Anonymising Data

The state of NHS IT systems
“NHS 60th anniversary” by Scottish Government is licensed under CC BY 2.0

The inspiration for this article was the report that so many people have opted out rHNS’s data sharing scam that they have had to postpone it. The associated throwaway comment that the data would only be partially anonymised rang alarm bells.

Anonymising Data is the process where you replace the real names and addresses of people with fictitious ones. Joe Smith becomes Donald Duck and so on. The problem is that names and addresses are held in so many places on most systems it is not easy to achieve real anonymity.

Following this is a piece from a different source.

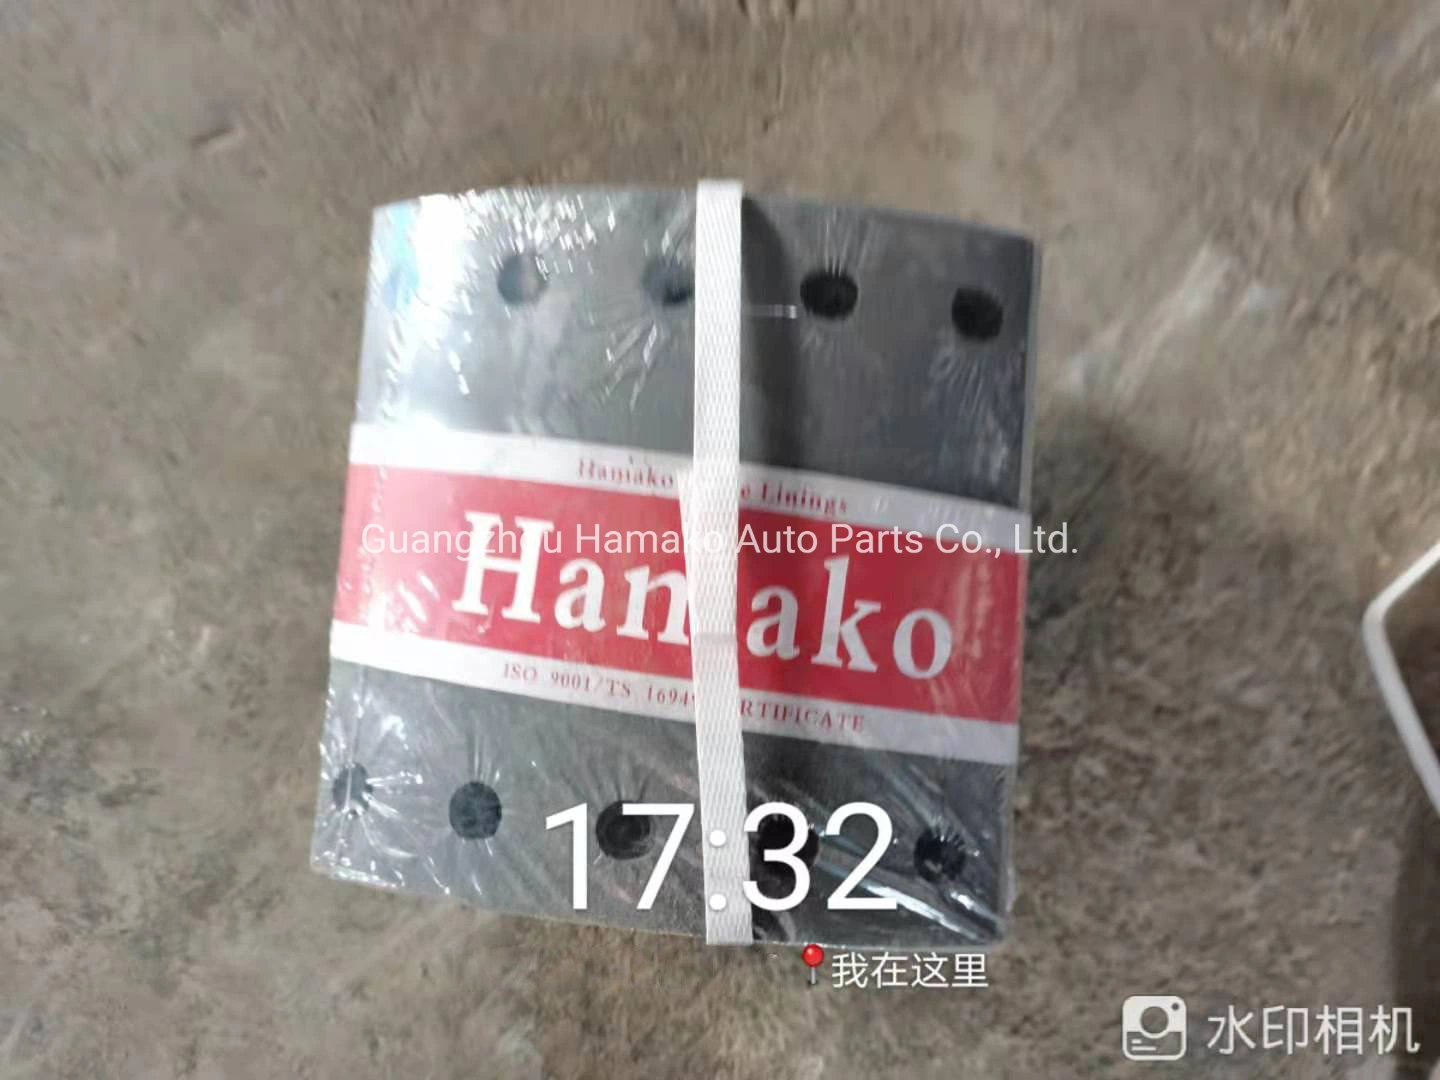 Xtrake Hamako forros de freno pastillas de cerámica de color negro de la camisa del amianto no para KIA
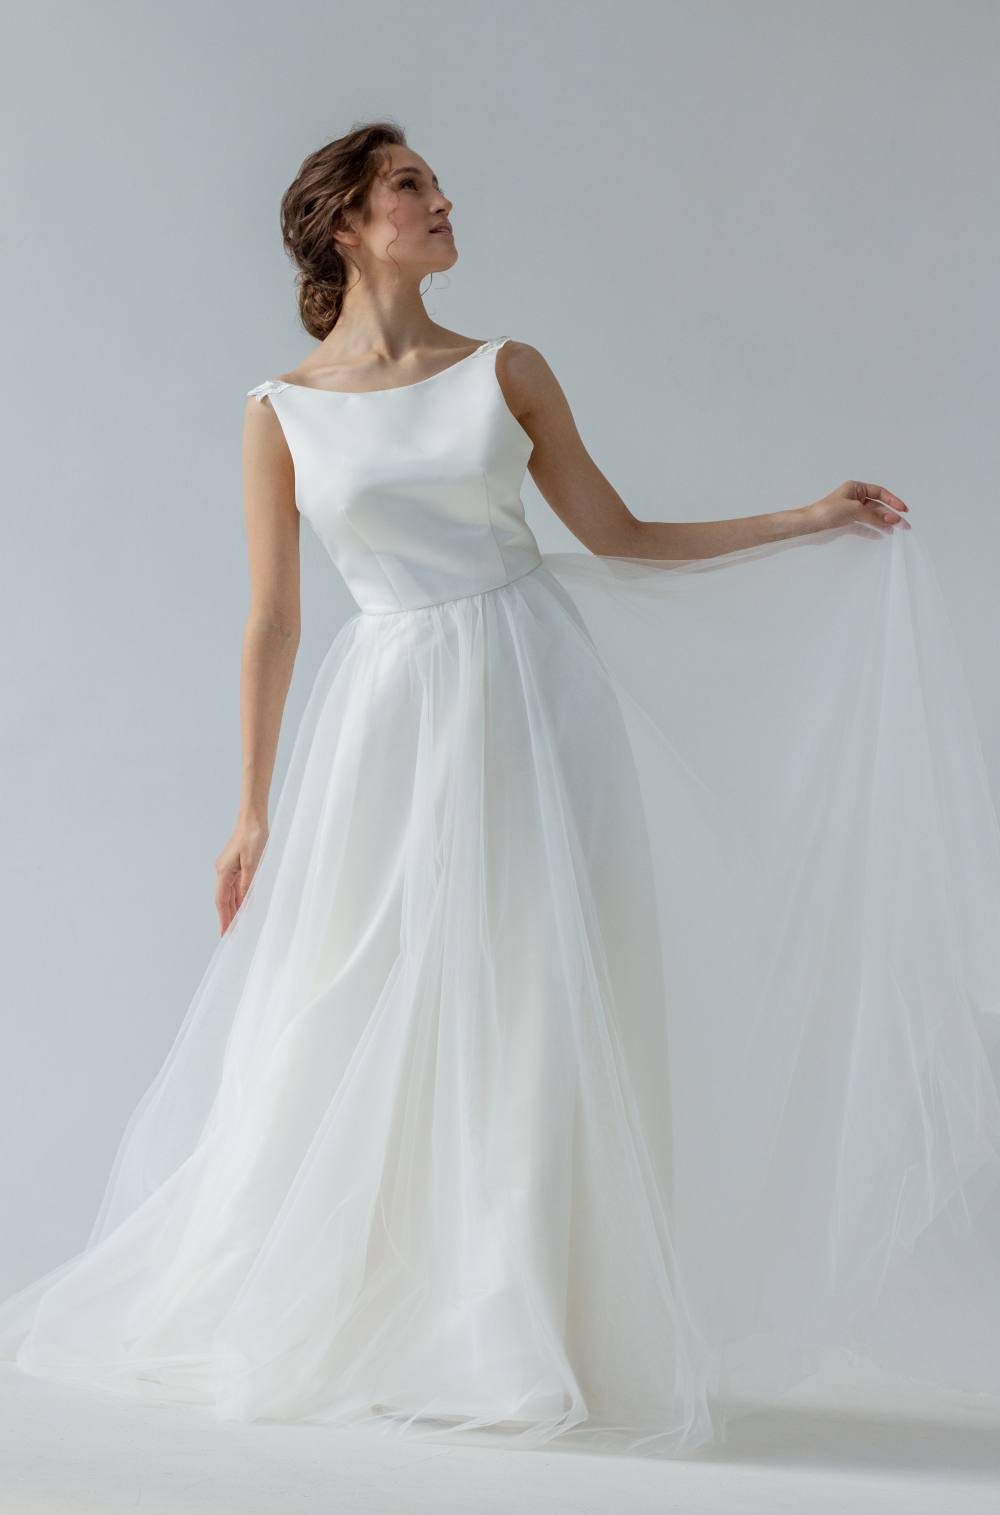 Свадебное воздушное платье оттенка Айвори с открытой спинкой. Воздушная фатиновая юбка струится, как облако. Лаконичный крой и легкость в образе невесты. Размер 42-44.

I may have mentioned before that I spent several years working for one of the largest Swiss Banks (there are only 2 really big ones so spin a coin).

We programmers had a copy of their live system to use for implementing new applications and testing new code as we developed it. They eventually removed this and anonymised the data because they were setting up a duplicate data centre in the far east and they did not want the orientals seeing the real data.

It got so far down the rabbit hole that when there was a real problem on the live system we had to apply to the security team for access to the live system for a few hours so we could diagnose what was going wrong.

Anyway, we got the new “anonymised” data and yes, query an account and it showed a nonsense name. All well and good you might think. I was working on the interest calculation application and one of the core inputs is the account balance by day. Because of some trickery, we might need to look at account transactions so you could see a list of transactions on the account and then you could query each transaction to see the details. This is the part where it fell down. Here you could see the real name of the payee. That part had not been anonymised.

Of course, with a well designed system you might only have one location to keep all the names in but these systems had been around for decades.

The colleagues I worked with at the bank were well above average and generally extremely competent, though perhaps not in hiding customer’s names. The NHS IT is a complete shambles. They are still (as far as I know) using Internet Explorer as their browser (and XP as their OS) because, aeons ago, some twat decided to integrate their applications so deep into the then current browser, they don’t know how to get out of it. Heads should have rolled but it was probably just covered up.